Клозе не хотел разговаривать с Янковским при этом баране и вышел в соседний кабинет. Барон изложил доктору сложившуюся ситуацию, сделав упор на том, что отказ от аудиенции может быть чреват неприятными политическими последствиями. Доктор не пришел от этой идеи в дикий восторг, но все же дал «добро» на встречу, попросив ограничить ее пятью минутами.
Юлий был бледен, но, вне всякого сомнения, жив и этим фактом Рокуэлла несказанно огорчил.
— Доброе утро, сир, — поздоровался Рокуэлл. — Рад видеть вас… — Он осекся. Вряд ли он готов был сказать, что рад видеть своего сюзерена на больничной койке.
— Как видите, слухи о моей смерти несколько преувеличены, — улыбнулся Юлий. — Что привело вас ко мне, кроме искреннего беспокойства о моем здоровье?
— Я хотел бы обсудить с вами важные вопросы, касающиеся состояния морали в наших войсках, — заявил Рокуэлл. — Мне совершенно не нравится подход, с которым Генеральный штаб пытается решить проблемы духовного воспитания личного состава. В качестве капелланов нашим военным подсовывают представителей совершенно чуждых большей части населения Империи религий…
Во времена службы Юлия и Клозе на Сахаре капелланом их эскадрильи был иудей. Юлий не помнил, чтобы этот факт составлял для кого-то проблему. Капеллан был нормальным мужиком, он был не прочь выпить в офицерском клубе или перекинуться в покер и прекрасно ладил со всем личным составом.
— Вне всякого сомнения, это очень важная проблема, — сказал Клозе. — И я обещаю заняться ею в самое ближайшее время.
— Я считаю, что это дело должно находиться под личным императорским контролем, — заявил Рокуэлл.
— Я прослежу за своим советником, — пообещал Юлий, подавив улыбку. — Что-нибудь еще?
— Выздоравливайте, сир.
Прежде чем закрыть за Рокуэллом дверь, Клозе несколько секунд любовался его удаляющейся по коридору спиной.

 

— Шакал, — сказала Пенелопа, выслушав рассказ Клозе о визите герцога. — Стервятник. Интересно, на что он рассчитывает?
— Не знаю, кто его информировал, но, судя по выражению его лица, за которым я внимательно наблюдал, Рокуэлл явно ожидал увидеть Юлия в гораздо худшем состоянии, — сказал Клозе. — По-моему, его удивило, что Юлий вообще способен разговаривать. И это мне не нравится. За Рокуэллом стоит какая-нибудь из политических группировок?

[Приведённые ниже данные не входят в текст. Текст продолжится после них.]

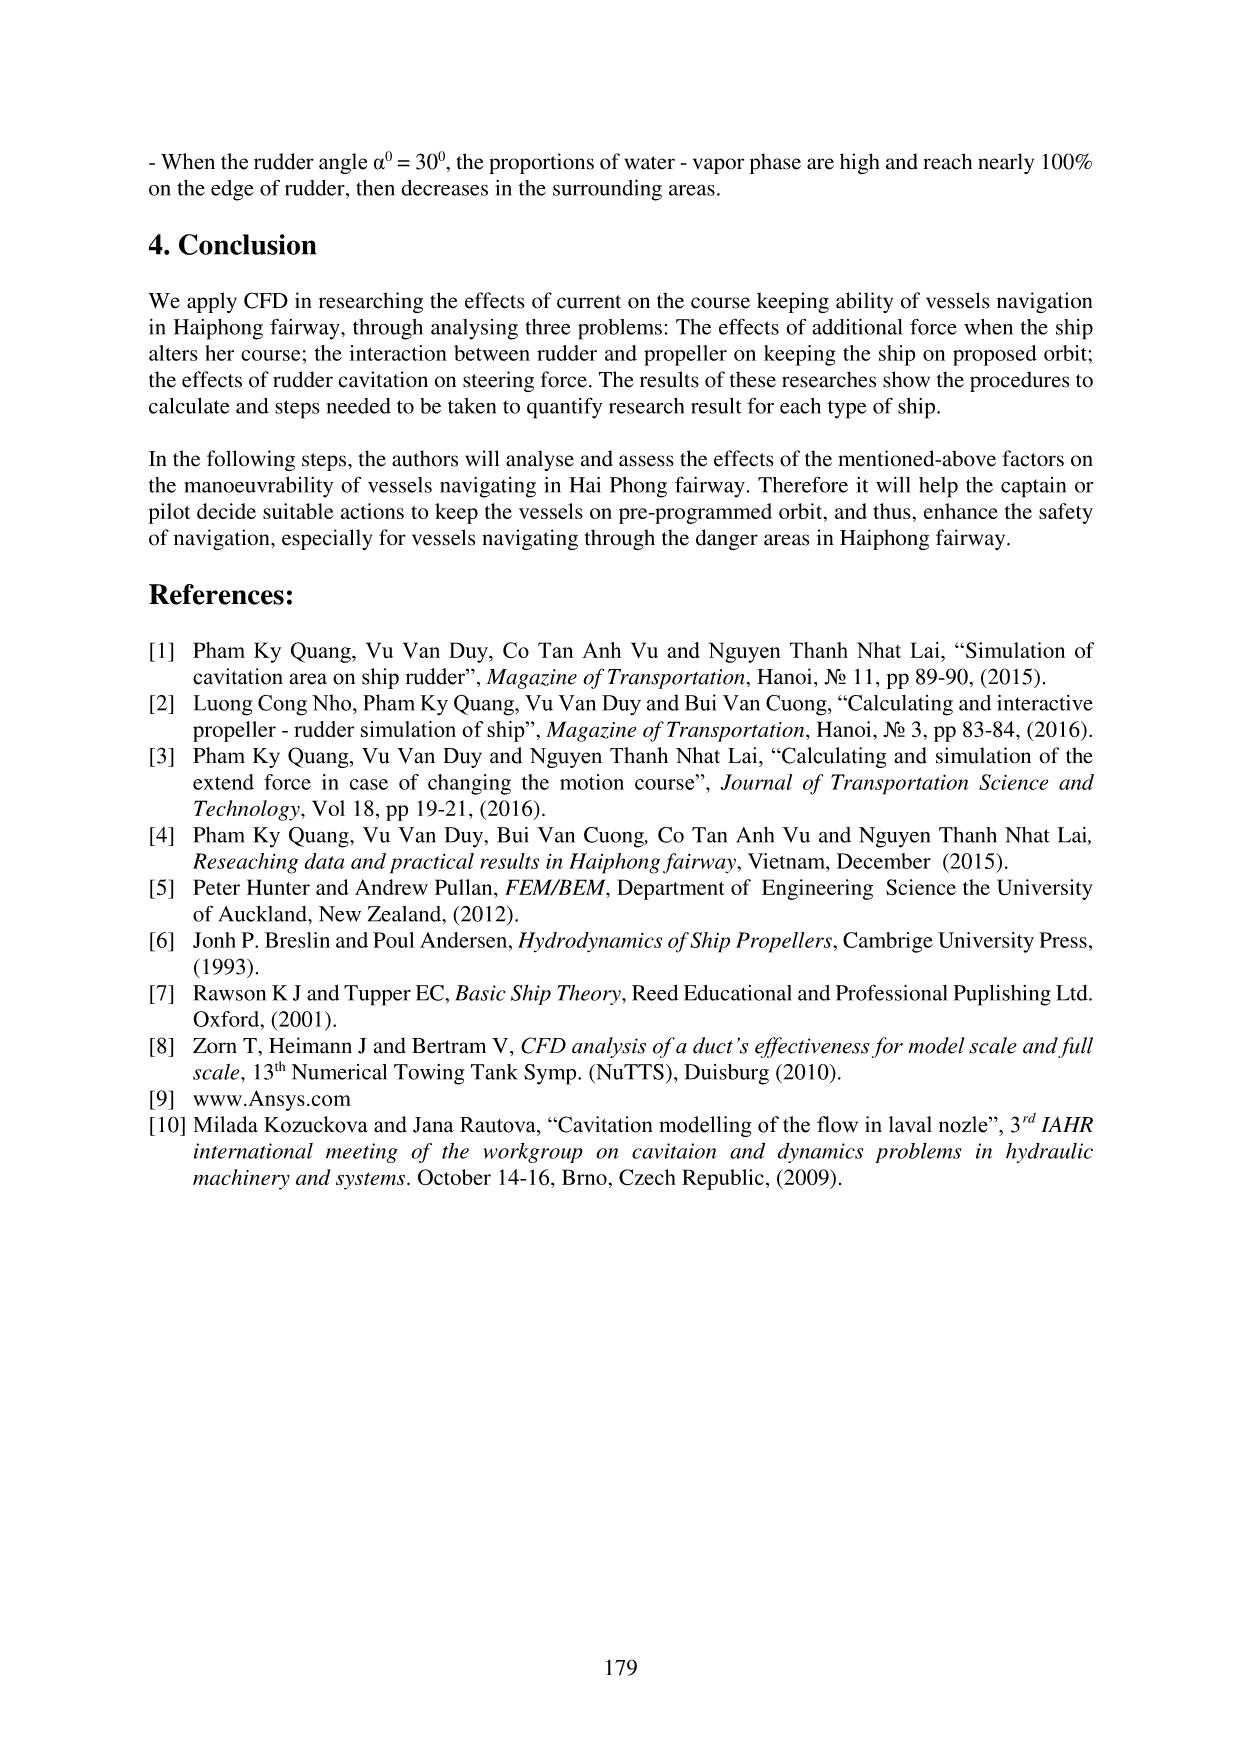 Calculation and simulation of the current effects on maritime safety in Haiphong fairway, Vietnam trang 10

— Насколько я знаю, нет, — сказала Пенелопа. — До луврской трагедии он находился слишком низко в списке наследования, чтобы им заинтересовался кто-то из серьезных политиков. Кроме того, Рокуэлл известен своими радикальными религиозными воззрениями, что делает его очень неудобным политическим союзником.

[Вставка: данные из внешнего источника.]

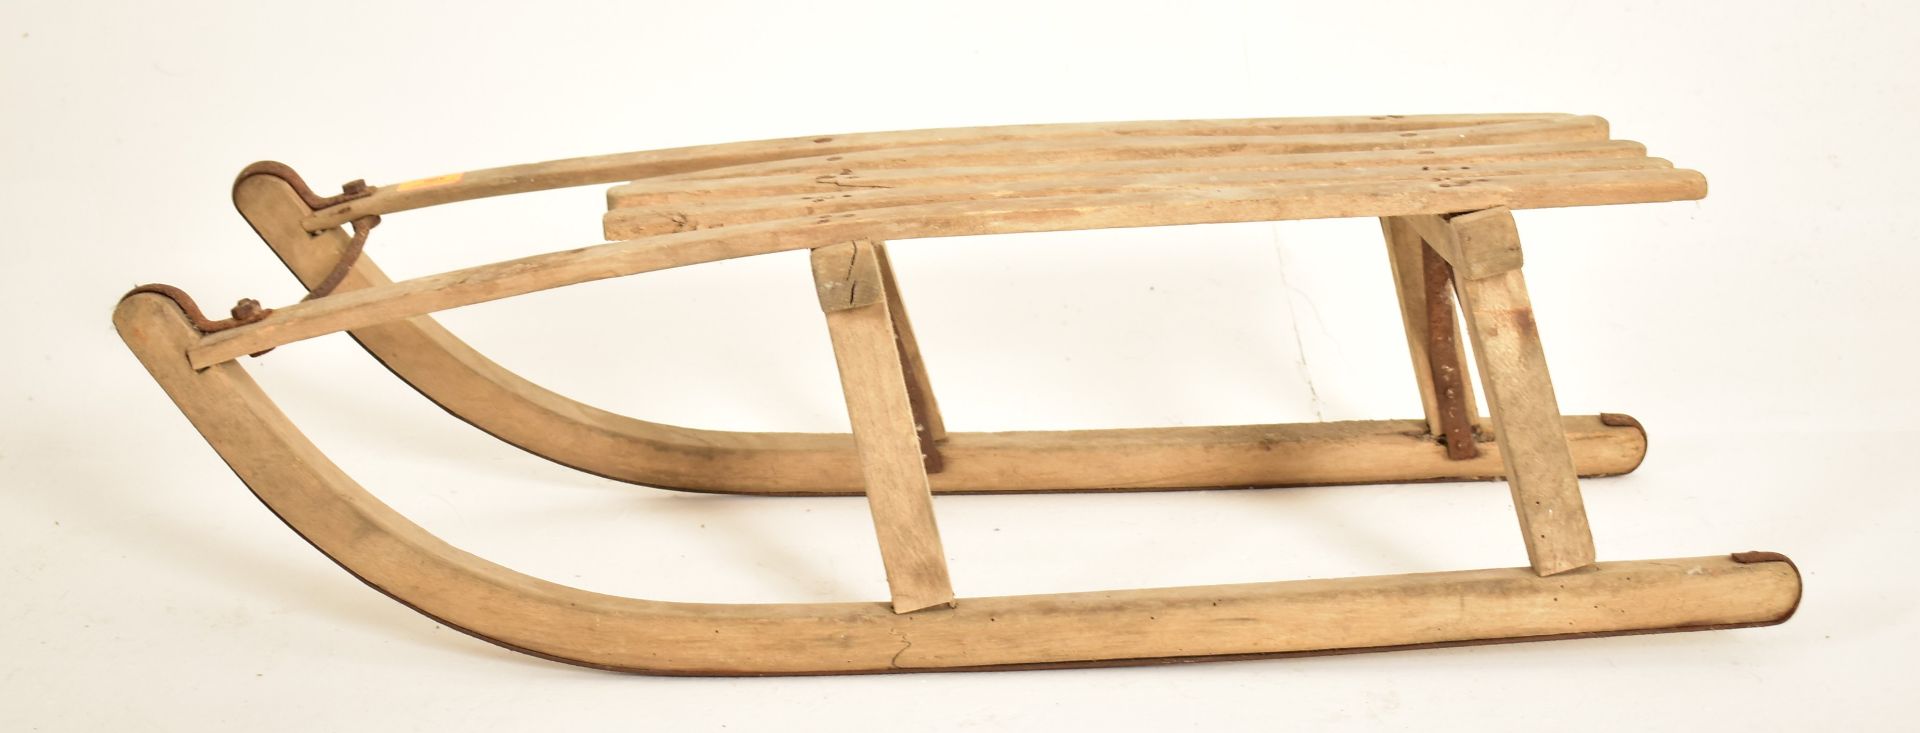 SELECTION OF VINTAGE WOODEN AND METAL SLEIGHS - Image 5 of 7

— С его воззрениями я уже частично ознакомился, — согласился Клозе.
— Но все это фигня, о которой нам не стоит париться, потому что Рокуэлл никогда не станет императором, — сказала Пенелопа.
— Надеюсь, — пробормотал Клозе.
Состояние Юлия было стабильным. Сердце, выращиваемое для трансплантации ведущими имперскими медиками, уже достигло размеров цыплячьего, и Клозе наблюдал, как оно весело бьется в своей пробирке. Пока император лежал в больнице, Клозе был вынужден фактически выполнять все его обязанности, связанные с ВКС и ведением войны. Политическими проблемами от имени своего брата занималась Пенелопа.

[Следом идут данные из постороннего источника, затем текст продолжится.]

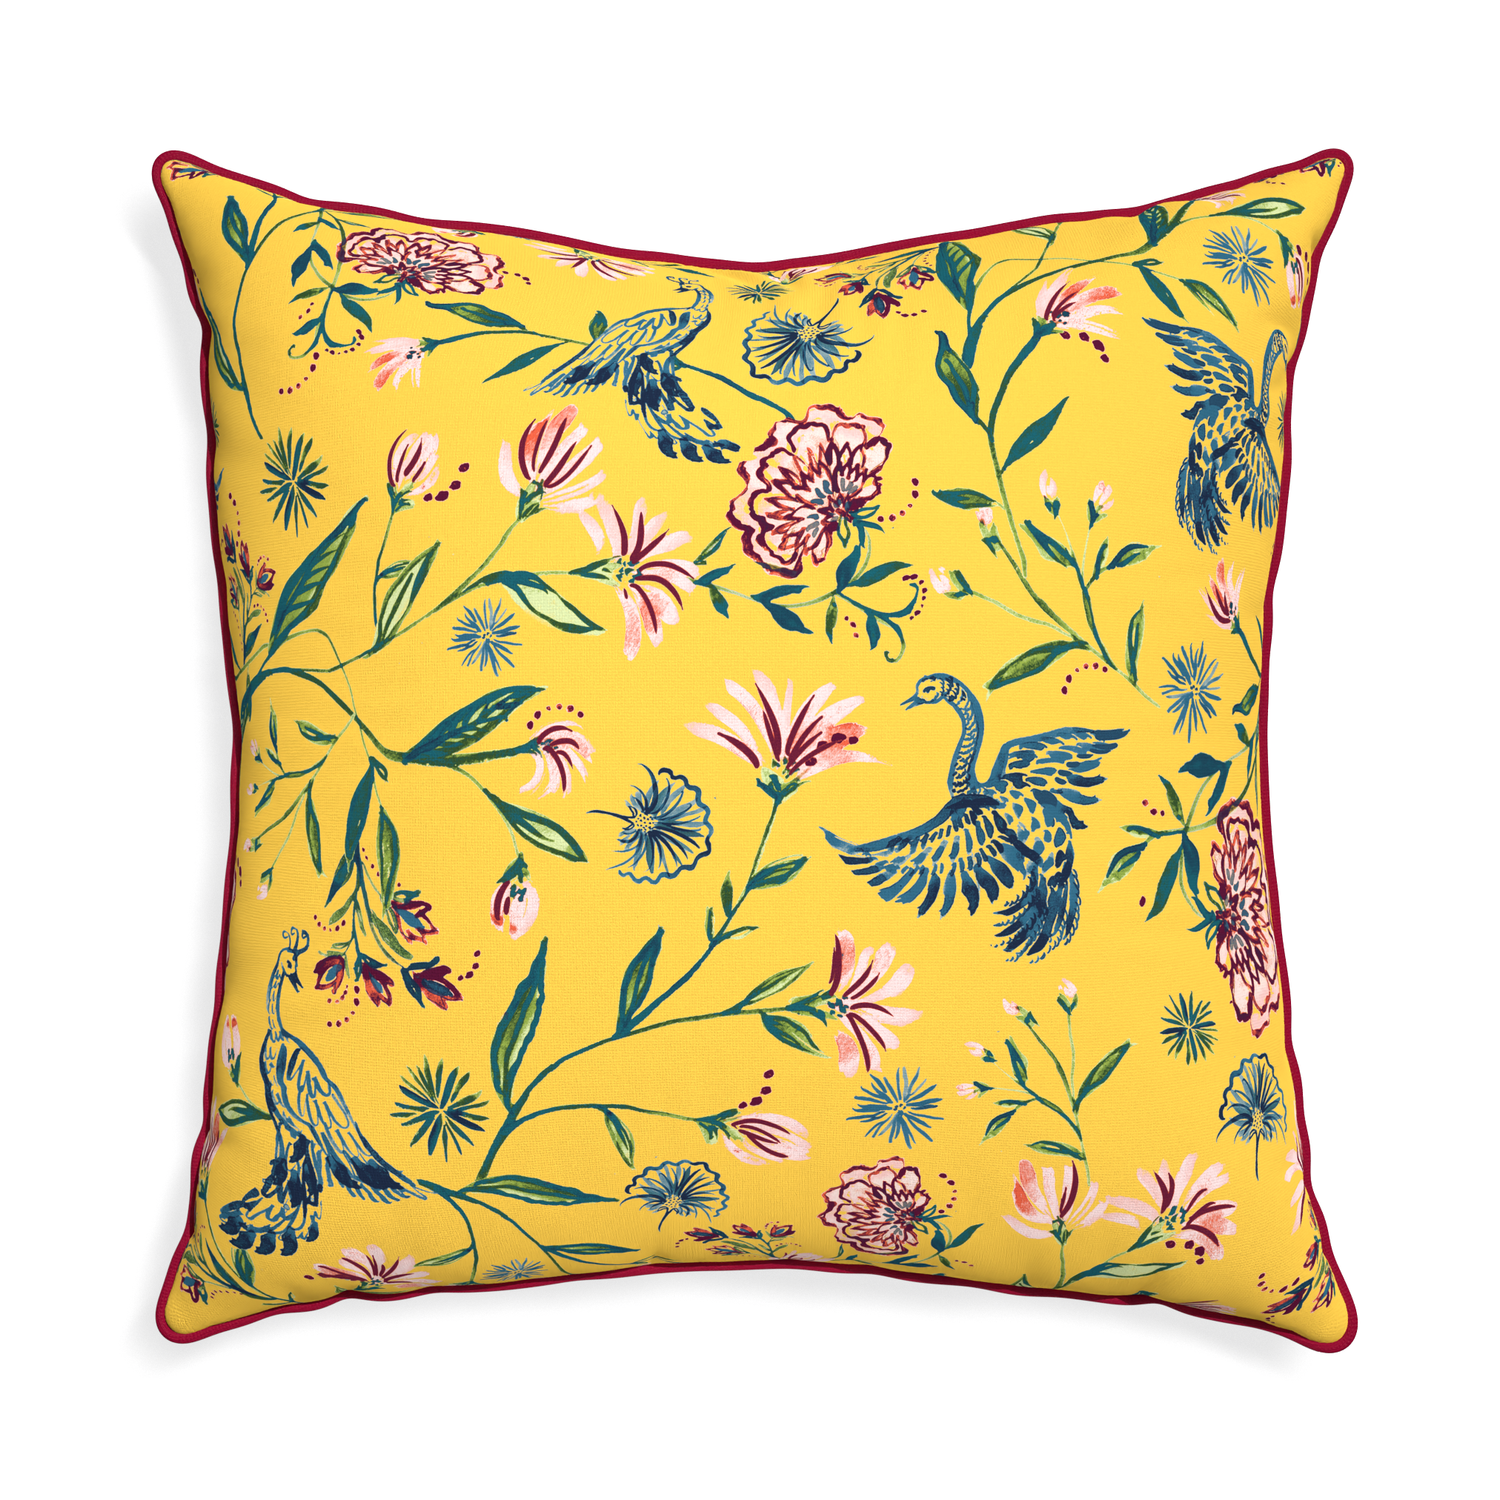 Euro-sham daphne canary custom pillow with raspberry piping on white background

По счастью, этих политическим проблем было немного. Юлий как законный наследник пользовался безоговорочной поддержкой проправительственной группировки, имевшей в парламенте подавляющее большинство. Оппозиция, четыреста лет стремившаяся вернуть Империю на рельсы демократии, пыталась использовать последствия теракта в своих целях, утверждая, что государству необходимо менее зависимое от личных качеств вождя руководство, но после первого же военного успеха Юлия оппозиционеры лишились симпатий населения.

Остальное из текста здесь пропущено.